Steve Mentz - New York, USA
When I’m in the water, head down, little to see or hear, I’m in a private fluid space of concentration and mind-wandering. I think a lot about writing when I’m swimming. Sometimes I recite poetry to myself. Sometimes I compose new sentences. Sometimes I don’t think at all.
“Ocean swimming connects me to the largest physical body on the planet. Swimming in salt water brings me into an embodied meditation practice. I spend my time thinking in this wet sensory deprivation. Sometimes I’m thinking about form, the way my arms and legs are moving in and through the water. Swimming rewards attention to form, and it works through feeling. I grab the water with outstretched hands, and I feel it spill away as I pull back toward my torso. I come out of the water recharged, with little muscle-fires burning.

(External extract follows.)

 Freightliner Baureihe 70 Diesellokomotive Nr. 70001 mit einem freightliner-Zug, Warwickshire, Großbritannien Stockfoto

Pool swimming does something similar for my body, but the mental feeling isn’t quite so intense.
“When I think about swimming now, I shift back and forth between two ideas, the same way I breathe on alternating sides when I swim. The first idea, breathing to my left I might say, considers swimming as meditation, in which I’m using the solitary time to connect with my self and the watery world. The second, on my right side, embraces swimming as communal artistic practice. In recent years, I have been collaborating occasionally with water artists, including Vanessa Daws, Marina Zurkow, and a few others especially in and around New York City. I’m looking forward to finding ways for the meditation and the art to engage with each other.”

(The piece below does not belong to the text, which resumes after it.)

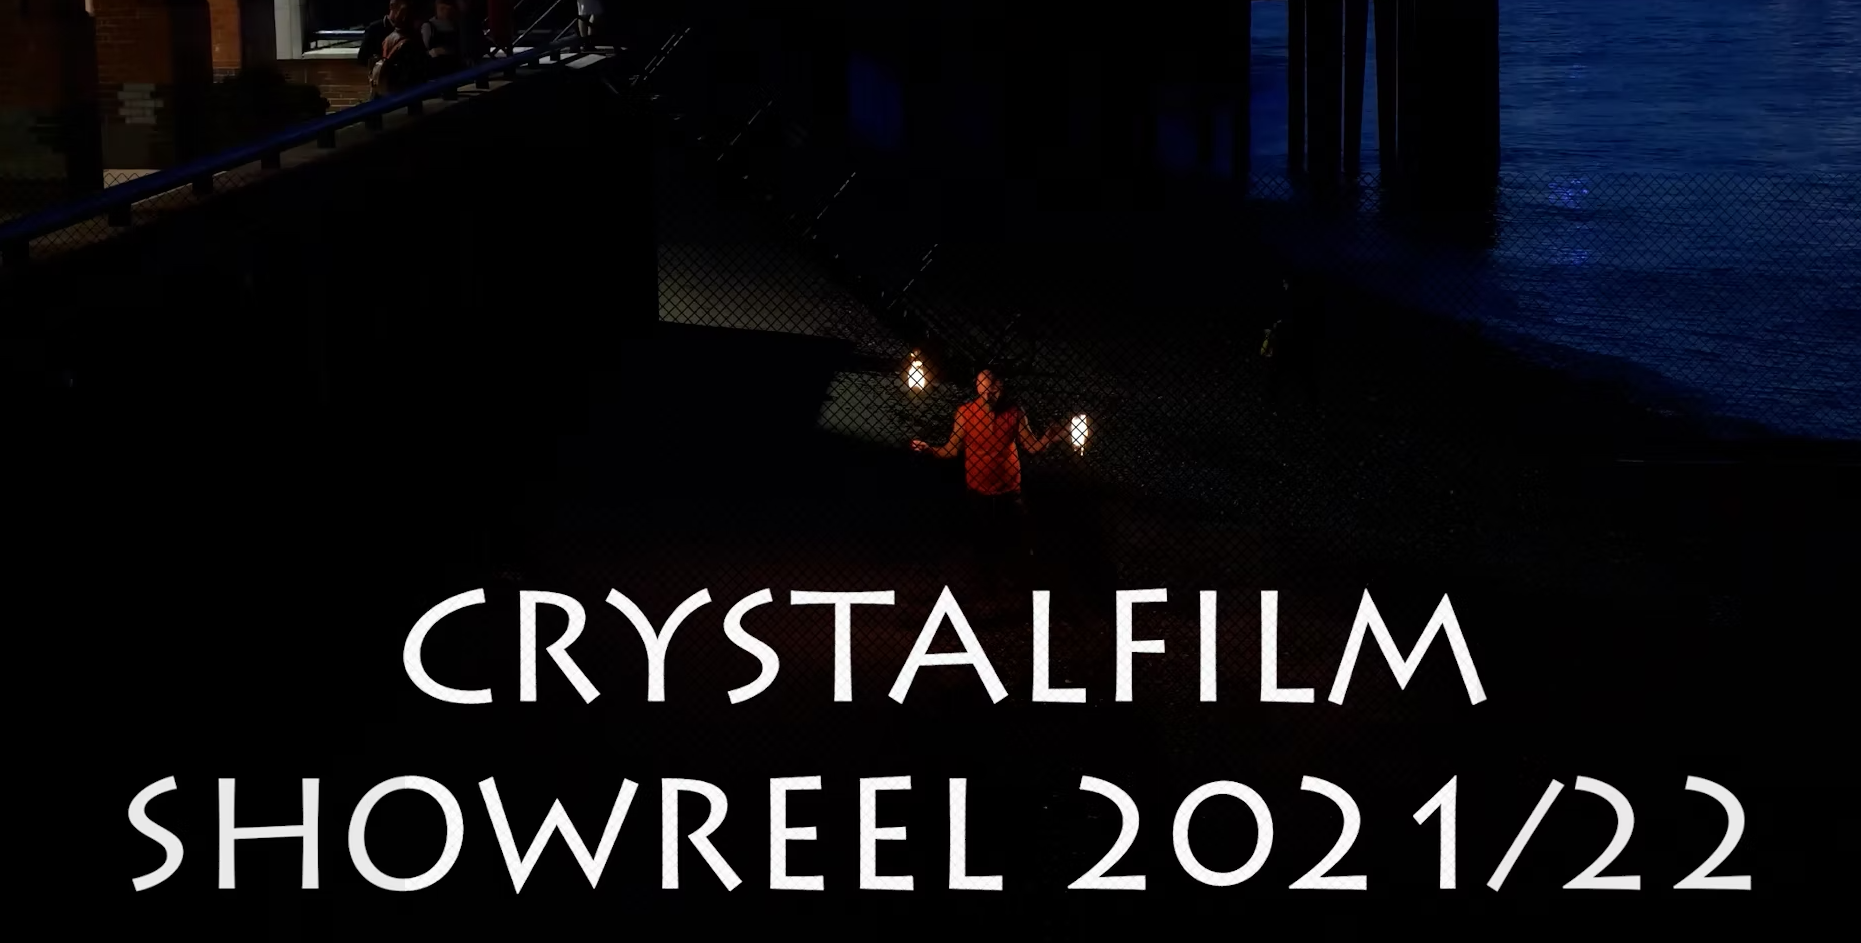 Crystalfilm Latest Showreel 2022

What were your earliest memories of swimming Steve?
“I think I learnt to swim pretty early, maybe aged five or six. I’m not exactly sure. I know I learned to swim at a man-made lake in New Jersey, the Copper Springs Club, which had a beach and tennis focus.

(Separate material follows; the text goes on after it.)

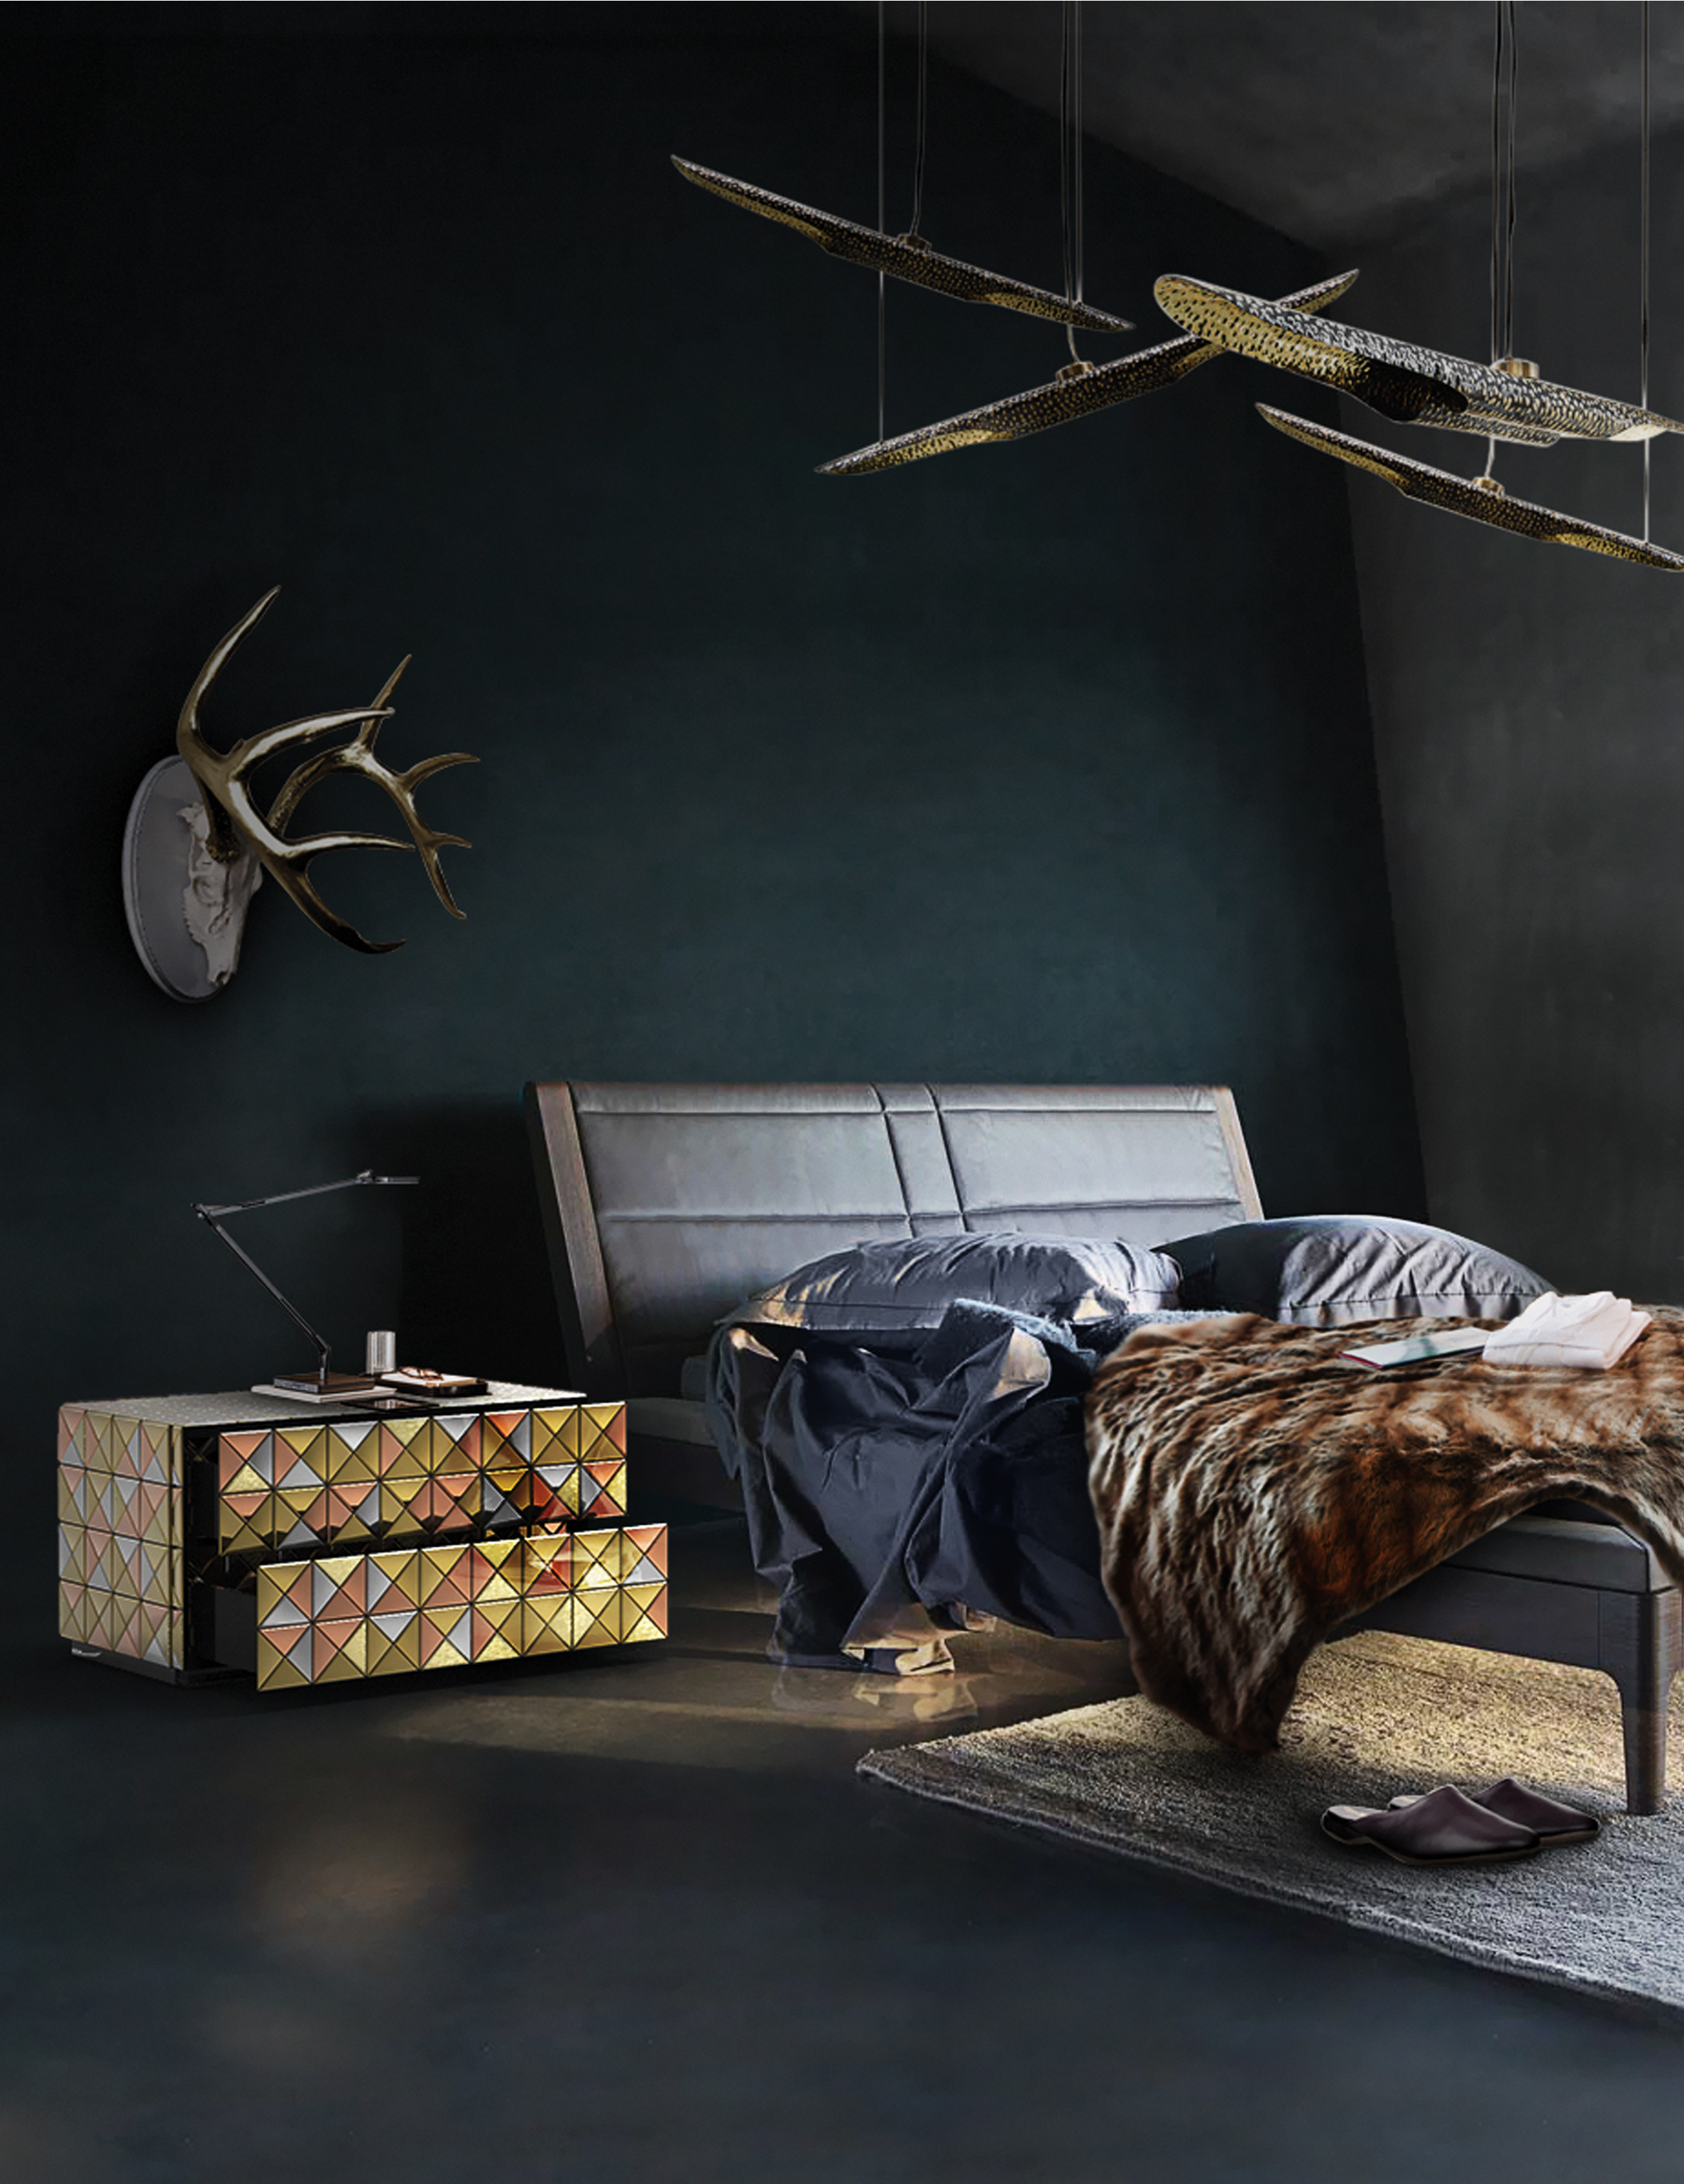 5 Modern Nightstands - Ideas For Your Bedroom Design

“Copper Springs had a swimming badge system to reward progress - Green Frogs, Gold Dolphin, plus other badges with ‘aquatic’ names.
“I was into badges at the time, so making progress through the range of badges was a big motivator.
“I recall I learned breaststroke from my Dad as a young kid. Just before I was ready to learn it in the next swim class level it became evident he taught me the wrong rhythm! He taught me to glide with arms at my side and with my head a few inches underwater. It was a shock when I had to re-learn the pull-kick-and-glide method from the instructor! It was maybe the first time I realized my Dad might not know everything.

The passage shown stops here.